For eg, if i take the first one:

$ sha256sum files/p10/p10375986/s59475126/44685902-a2ada121-02735bc5-bf1bf167-adfd2ae5.jpg
8a95fb444bdfec8087c49f5fb0742e6674568dd7aca839a30310a6fdb4ff427c  files/p10/p10375986/s59475126/44685902-a2ada121-02735bc5-bf1bf167-adfd2ae5.jpg

$ cat SHA256SUMS.txt | grep files/p10/p10375986/s59475126/44685902-a2ada121-02735bc5-bf1bf167-adfd2ae5.jpg
ed9a93b1fd0c9ff7c0601a79c8f6ae91c49b524a1b9a34315e065a830829df1b files/p10/p10375986/s59475126/44685902-a2ada121-02735bc5-bf1bf167-adfd2ae5.jpg

Any ideas on how to further verify what may be causing this?

amitsaha commented 1 month ago

I downloaded the above files once again from gcs and ran a diff against my original copy, and the images are looking good, no diff.

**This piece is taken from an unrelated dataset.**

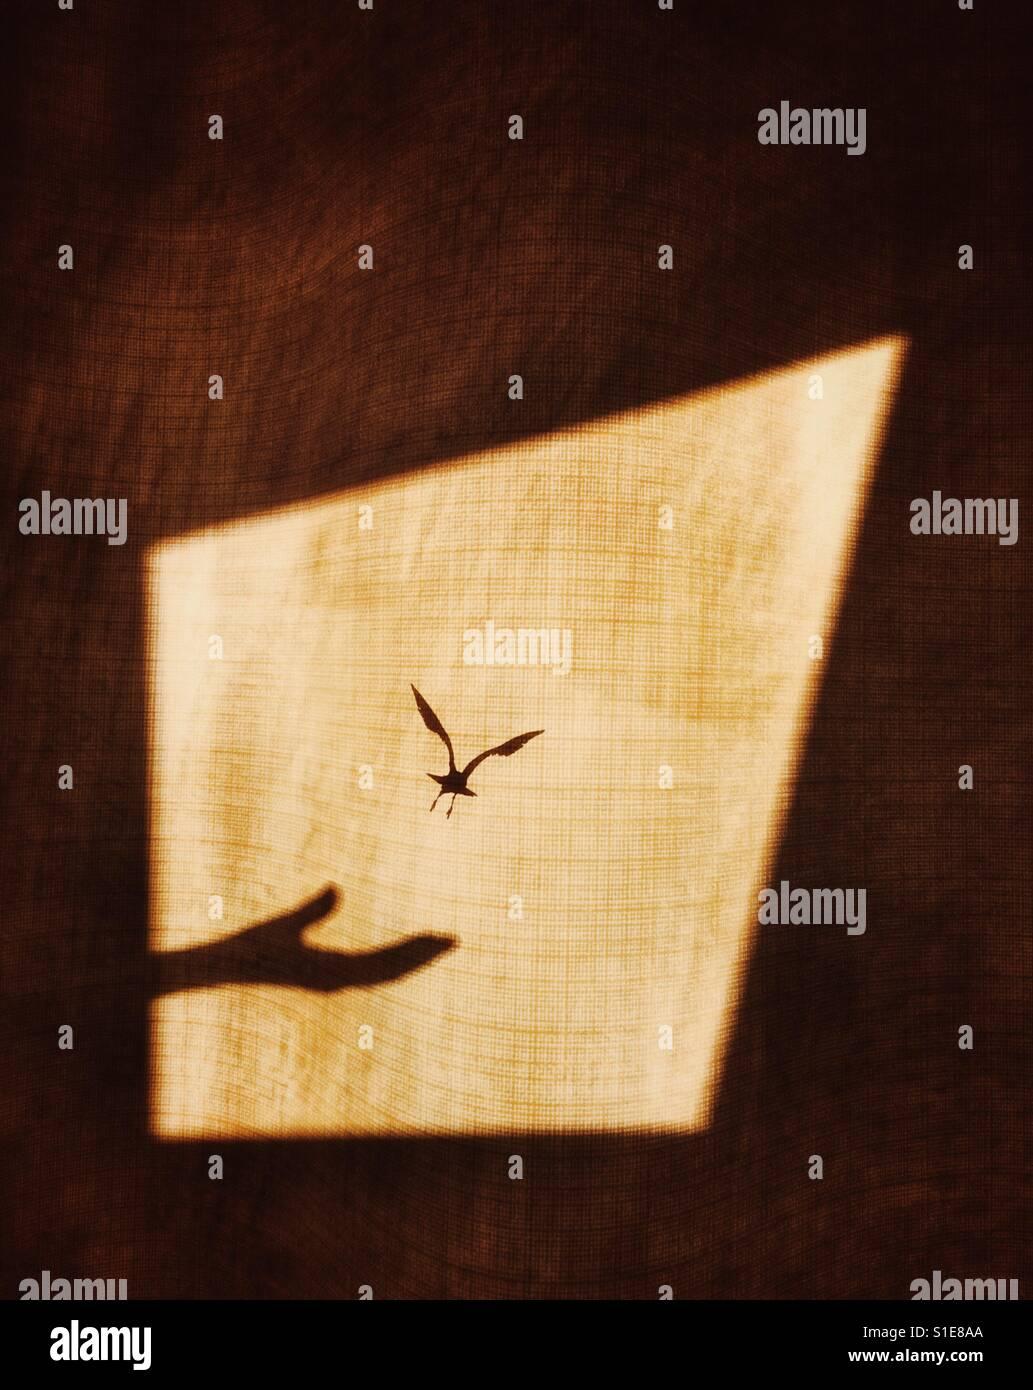 Sombra de mano la realización de pájaro en una cortina de la ventana para mostrar el concepto de vuelo Imagen De Stock

So I guess, we just need to update the SHA256SUMS.txt file.

My script used for the above:

import os
import subprocess

# The sha256 checksum of these images don't match with the ones reported in SHA256SUMS.txt
# so we download them locally and do a diff to ensure they are the same images
# which likely means the sha256 sums need updating
image_paths = [
    "files/p10/p10375986/s59475126/44685902-a2ada121-02735bc5-bf1bf167-adfd2ae5.jpg",
    "files/p11/p11131026/s59741822/08c22db9-5bef7d06-d904ec15-7bbfe57f-416dbdc1.jpg",
    "files/p11/p11607063/s58298420/235c7af4-ef2ba0dc-7dc251ea-a2571f33-d37c8185.jpg",
    "files/p11/p11785297/s58022353/3b64bf5a-021ff5ae-137c22d1-5529364f-1415c640.jpg",
    "files/p11/p11920643/s55676416/4d70ff33-43ad77af-22ff047c-19f6ceb1-aae49eea.jpg",
    "files/p13/p13283178/s55081421/026de108-3310a177-7c01791c-7eb32cff-b076122f.jpg",
    "files/p13/p13628037/s54872639/f845ad66-716c76dd-da718912-8b0ff596-b30d25cb.jpg",
    "files/p13/p13694166/s55805720/df57d48e-566984d2-fbe39e6e-0c68fc55-380f1217.jpg",
    "files/p14/p14656449/s56499991/67a4e5cd-50d441d3-42294f94-363ac071-17cfc342.jpg",
    "files/p14/p14690121/s50057475/34ad06d4-475863f1-f3712cec-783c3b99-308cf886.jpg",
    "files/p17/p17405329/s55291678/283084bb-0f4994a7-d7622b32-d7f18f75-d8dde41b.jpg",
    "files/p17/p17490145/s55463370/803fcbd8-2e38a5c7-cca96a50-ce5660cb-83ecc3a1.jpg",
    "files/p18/p18459824/s52186356/2eb68b2f-0742cb3d-b8c9db5b-9c9d74f9-69e31cc1.jpg",
    "files/p18/p18690742/s56844948/f4f63777-6a8a6b60-d6cb0718-9256537a-2ca41831.jpg"
]

for image in image_paths:
    # download to a temporary directory
    subprocess.check_output([
                "gcloud", "storage", "--billing-project", "<project-name>", "cp",
                 f"gs://mimic-cxr-jpg-2.1.0.physionet.org/{image}", f"tmp-check-diff/{os.path.basename(image)}"

    ])
    # check the downloaded version against the one stored locally already
    subprocess.check_output([
                "diff",
                 f"tmp-check-diff/{os.path.basename(image)}", f"{image}"

    ])
alistairewj commented 2 weeks ago

It's odd because the SHA256SUMs are calculated automatically by PhysioNet when publishing the files, so I'm not sure why they would be wrong. Could be because we had some custom workarounds for MIMIC-CXR. I will raise with some of the PhysioNet team, thanks!

alistairewj commented 2 weeks ago

OK, I think something went wrong with our GCP upload because they were simply different on that bucket. Can you redownload them from the GCP bucket and check again? It should be fixed now.